Rico snarled. “My timing is fucking impeccable.”

“They said—and listen, I don’t even like repeating this, but you deserve to know—they said you couldn’t even read a script and that you had”—Dan scanned Rico’s body—“feminine calves.”

Rico clutched his leg, fuming. “My calves are proportionate to my overall leg shape.” He rolled his pants. “I guess they think I should get implants like every other asshole in that city?” He shook his head, like, Unbelievable. “My fucking stunt reel has over six hundred views on YouTube.”

Dan threw his hands in the air. “Hey, hey, you don’t have to tell me. I look at you, and I see—I see a stuntman. Like, you’ve got stunt double written all over you. It’s those guys—it’s Brody, and Lilyanna, and other Building A people—”

“You’re lying.”

“No! If I’m lying, then tell me, Rico, tell me. How would I know? How would I know all that about you? Huh?”

Rico’s eyes darted from side to side as he considered the question.

“I know all this,” Dan said, “because I’ve heard them. I’ve heard them laughing. They’re playing you. You think you’re one of them ? No way. You’re Building C to them. Less than Building C, Rico. There’s a reason the barracks are underground. You and I have way more in common than you and them. Come on. Think about it.”

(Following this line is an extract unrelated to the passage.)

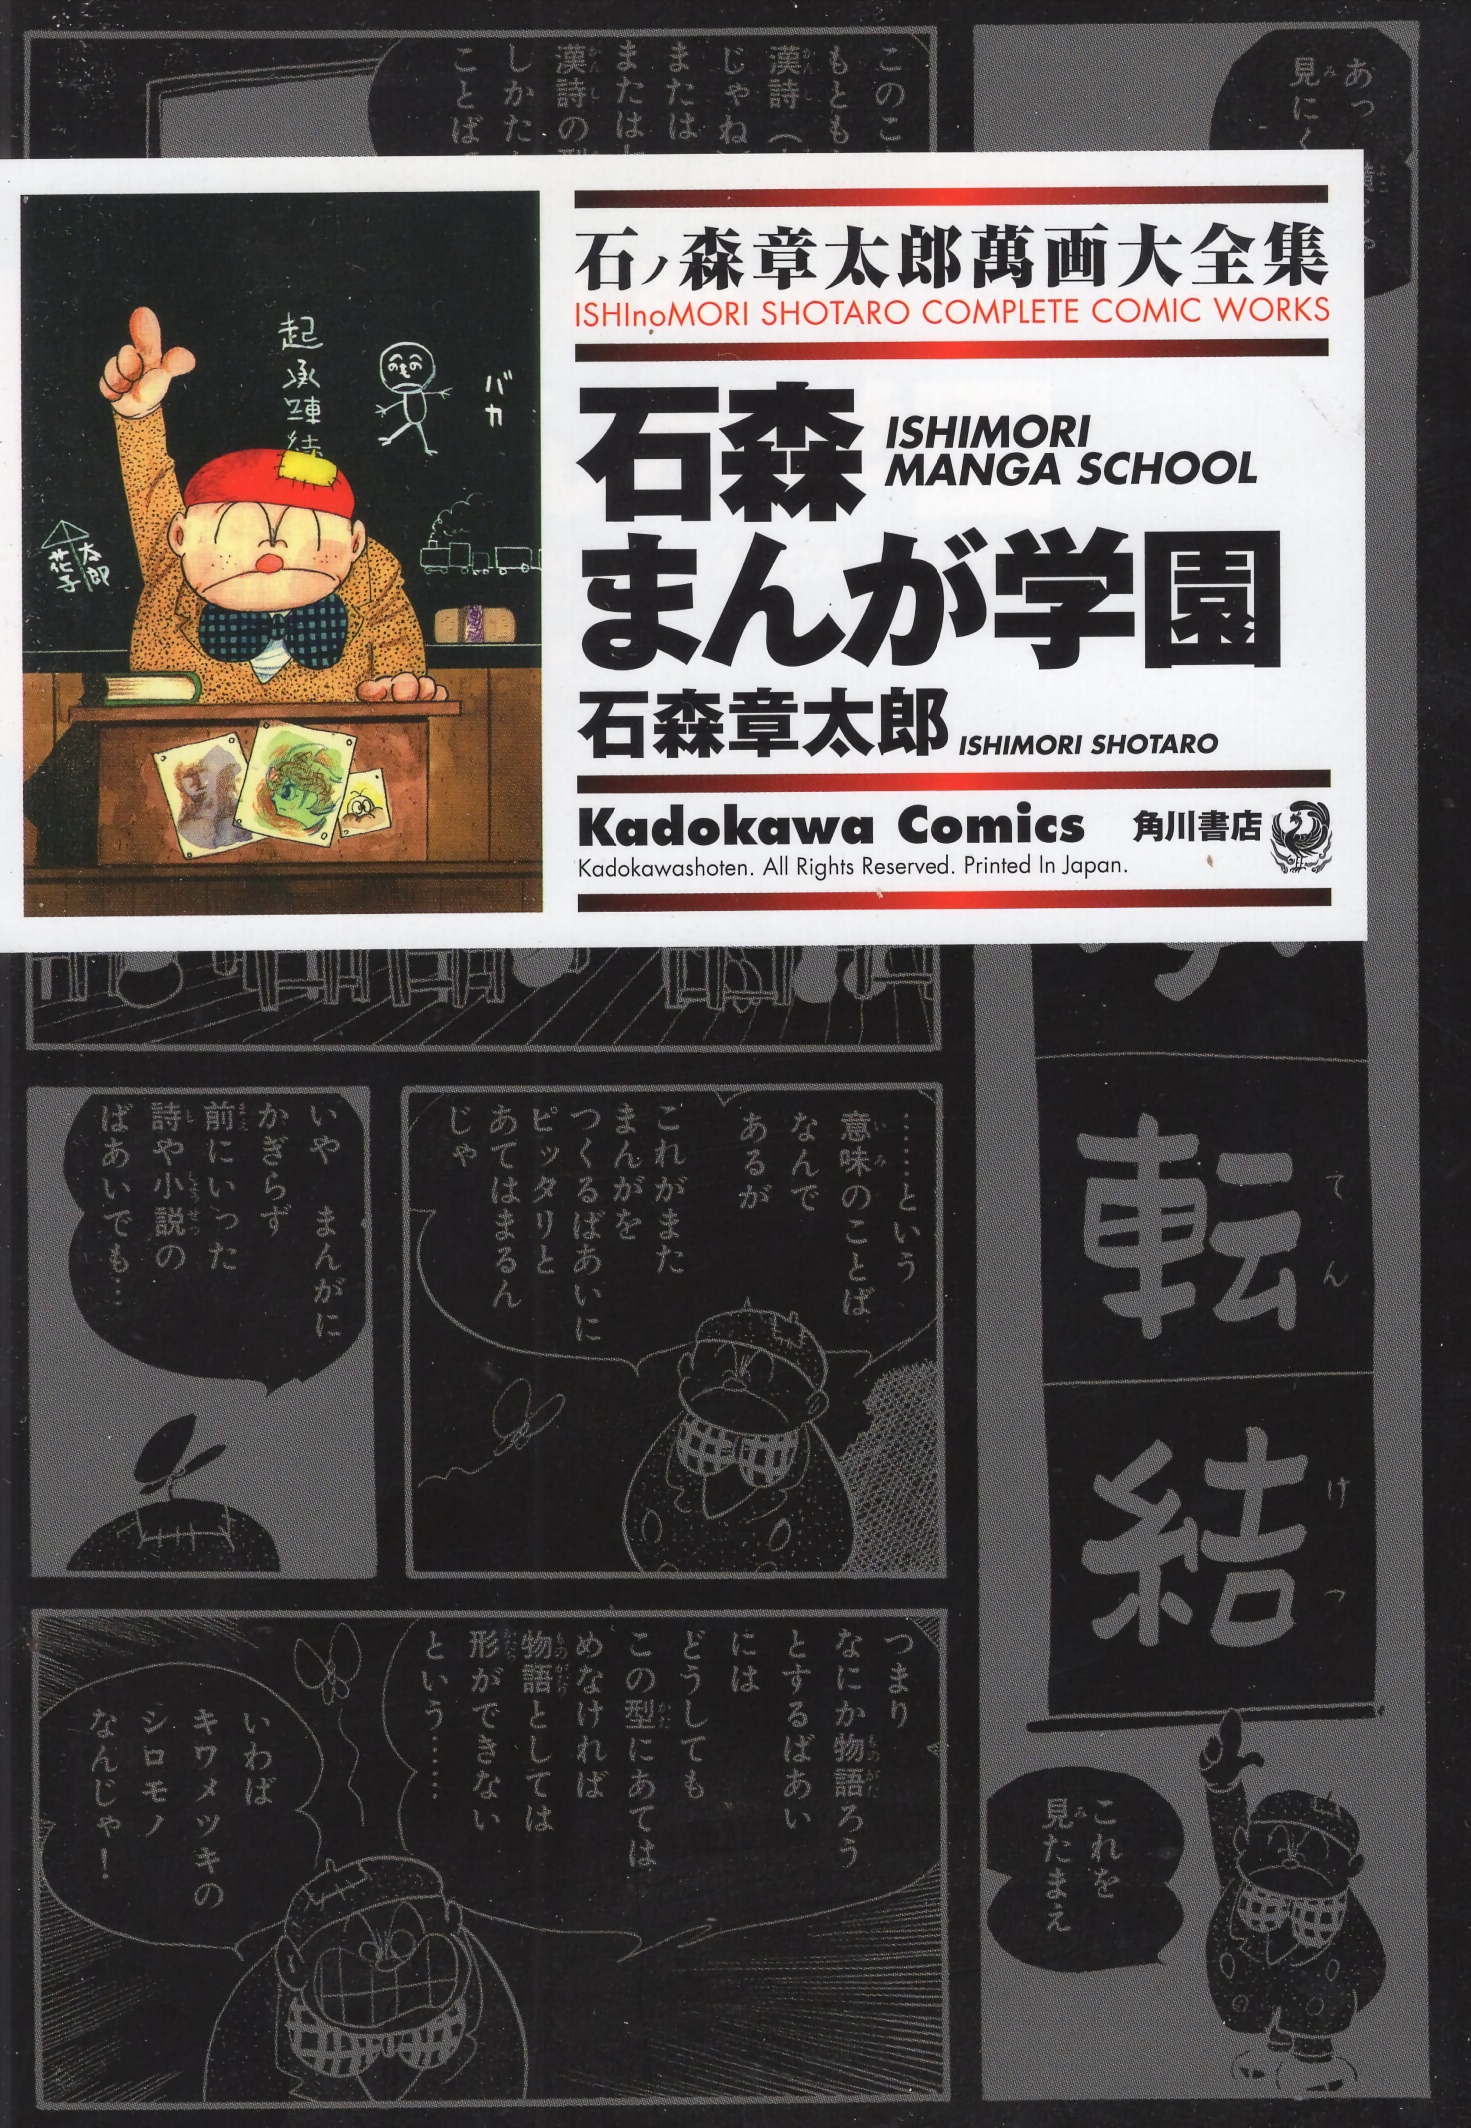 Ishimori Manga Academy cover 1

Rico’s lowered his fists. He gazed past Dan, at nothing. For a second—like, a split teeny-tiny second—Dan almost felt for him. Lilyanna looked at Rico the same way she looked at Dan, as if she was confused that someone so beneath her had evolved to stand at eye level.

“You know, I wanted to write when I was younger,” Dan offered.

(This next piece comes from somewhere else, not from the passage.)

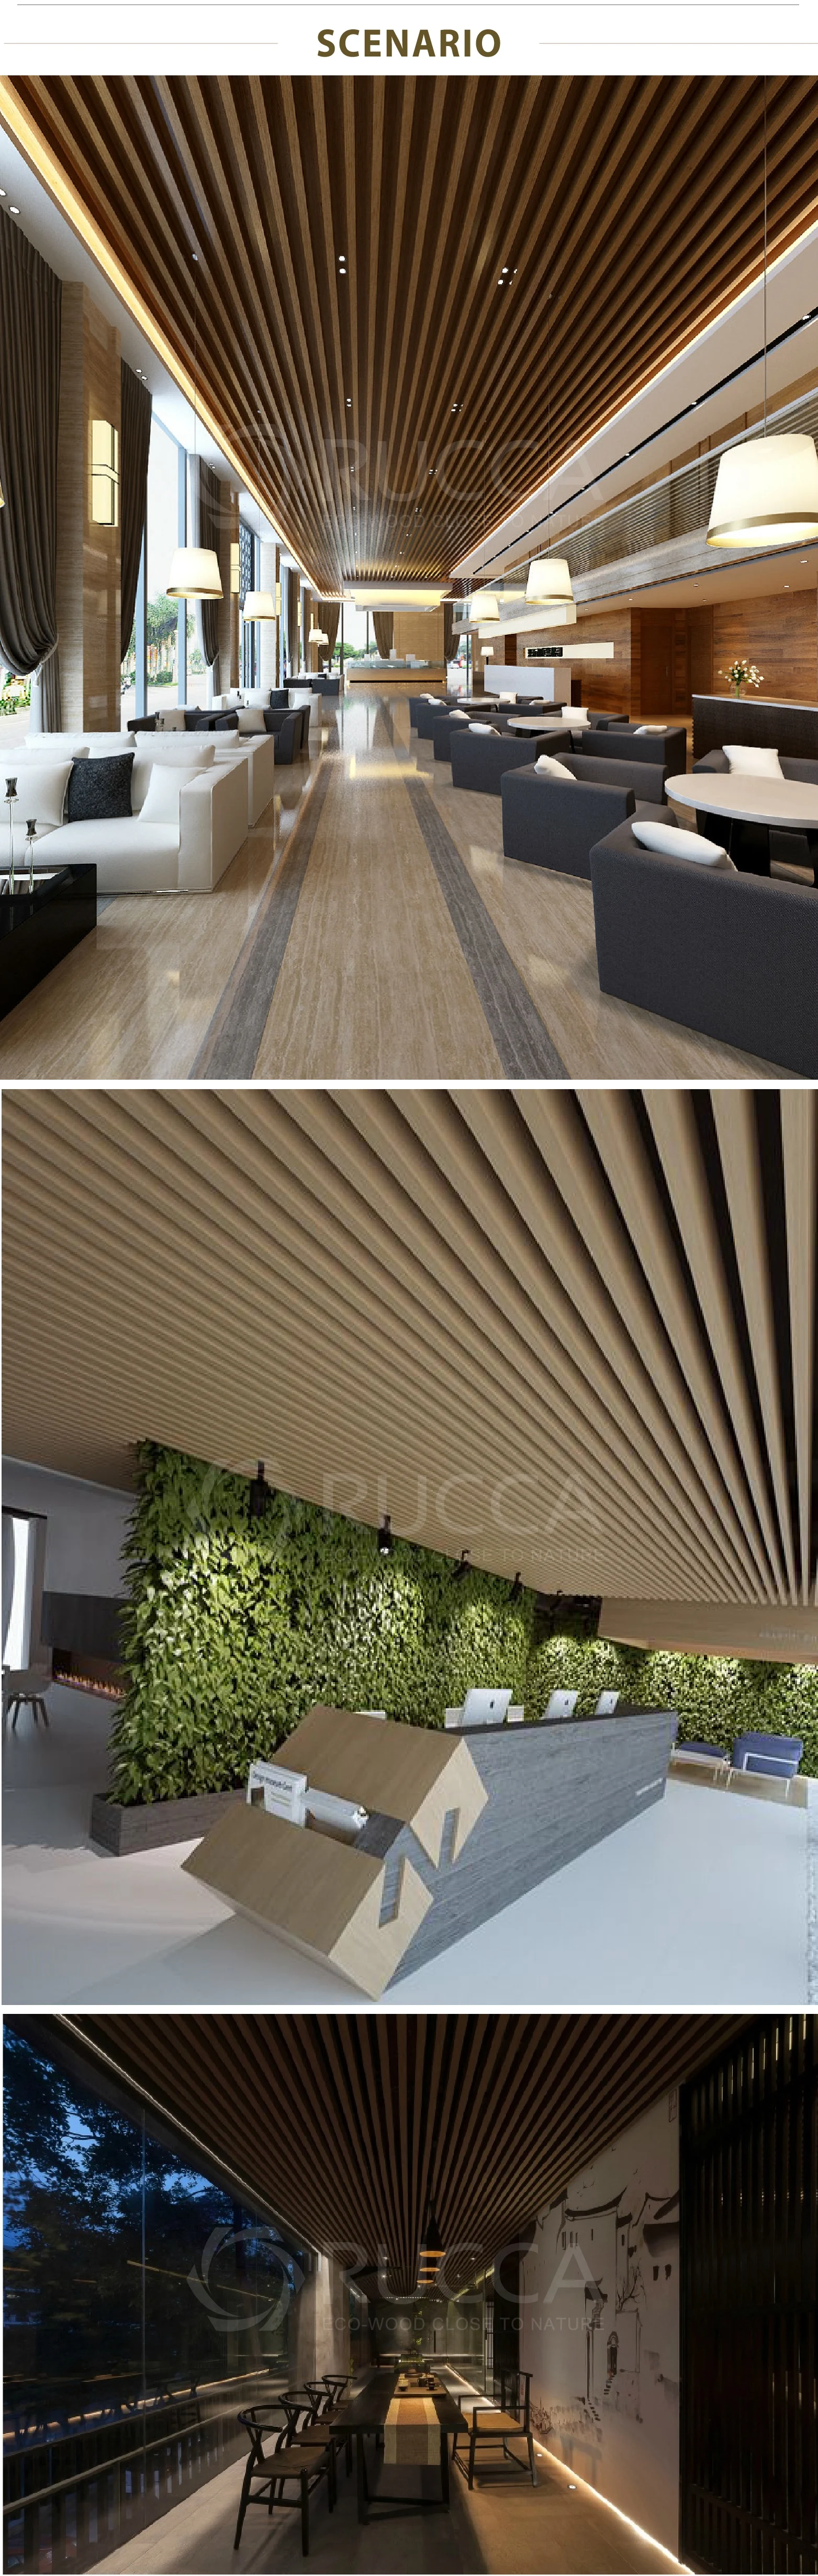 Rucca Wpc Outdoor Faux Wood Ceiling Panel False Design Decorative

Some color returned to Rico’s cheeks. He flashed a mocking gold-toothed smile. “I bet you’re a shitty fucking writer.”

Okay. That didn’t last long.

Rico cracked his neck with a twitch of his head. “I’ll kill you first. I’ll deal with them when I get home.”

He didn’t make it one step. Mara had found the snow globe, and she brought it down with such force that it shattered against the back of Rico’s skull. His body swayed like a poorly animated cartoon before folding in on itself and hitting the floor, just a big heaping pile of man next to Shae.

He groaned.

Mara hopped over him and clutched Dan’s wrist, tugging. “Good job,” she said. “Come on. Quick. Before he wakes up.”

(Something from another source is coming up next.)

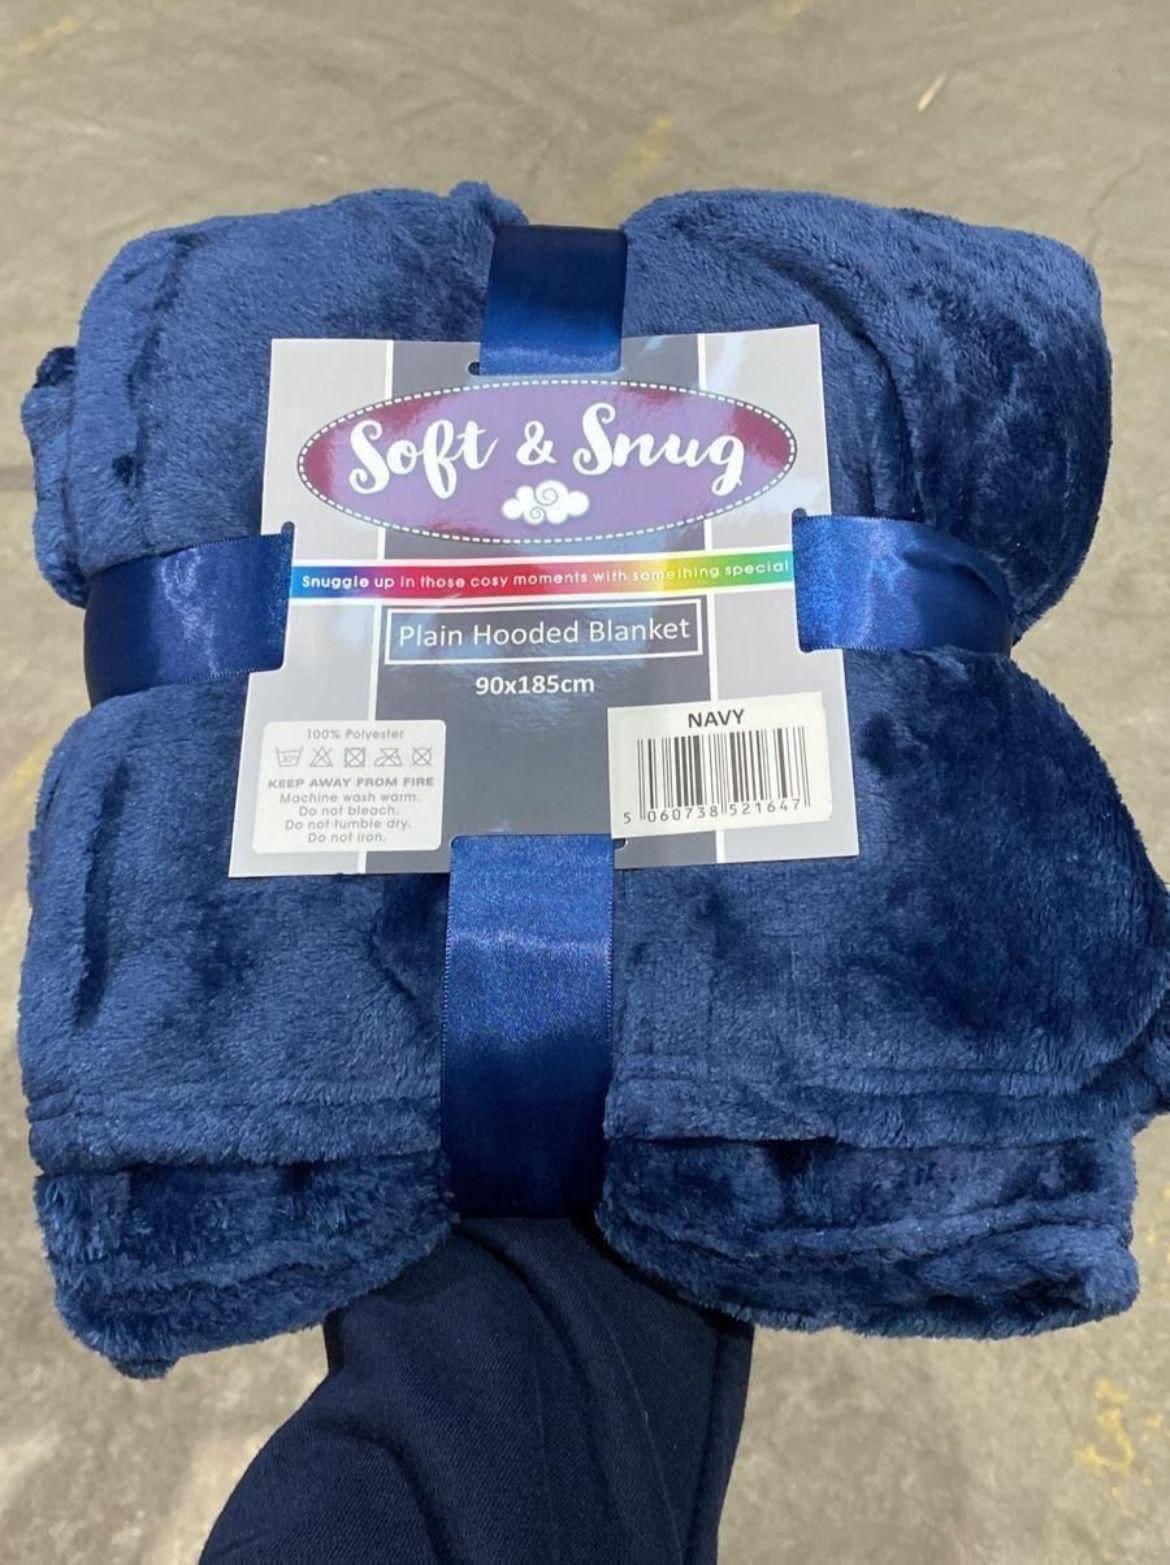 ⭐️ Soft & snug hooded blanket  90x185cm

Dan followed her to the ladder. “Me good job? You good job. How’d you shatter it? I must’ve—I must’ve knocked it loose when I threw it earlier.”

“For sure,” Mara assured him. “Definitely.”

Just as they reached the exit hatch, the cabin door below slammed open again. Dan and Mara scrambled backward, tripping over Rico and onto their asses.

Three of Rico’s guards—one of them Madge—piled up the ladder, pistols drawn. Dan scurried to shield Mara from the inevitable hail of bullets.

“Whoa,” Madge said, pointing at Rico.

“ Whoa ,” said another. “Shit. Is that Rico?”

Rico groaned again.

“Holy shit. Rico. Did you get beat up?” There was a tinge of awe in his voice.

The other guard gasped. “Dude. I think he did. Hey. Hey, Rico!” He nudged Rico with his boot. “Yo, Rico! You okay, man?”

Rico shifted. He pulled himself up, every tendon, every bone of his body straining as if strapped to the floor. The guards helped him, one under each shoulder.

“Geez, Rico,” a guard said. “They did a number on ya. These two? They did this?”

“Shut up.” Rico seized the pistol from the guard and aimed it, trembling, at Dan and Mara.

“I love you,” Mara whispered.

“I love you too,” Dan said.

Rico let the gun fall to his side. He wiped the blood from under his nose. “No. Too easy. Gag them. They talk too fucking much.”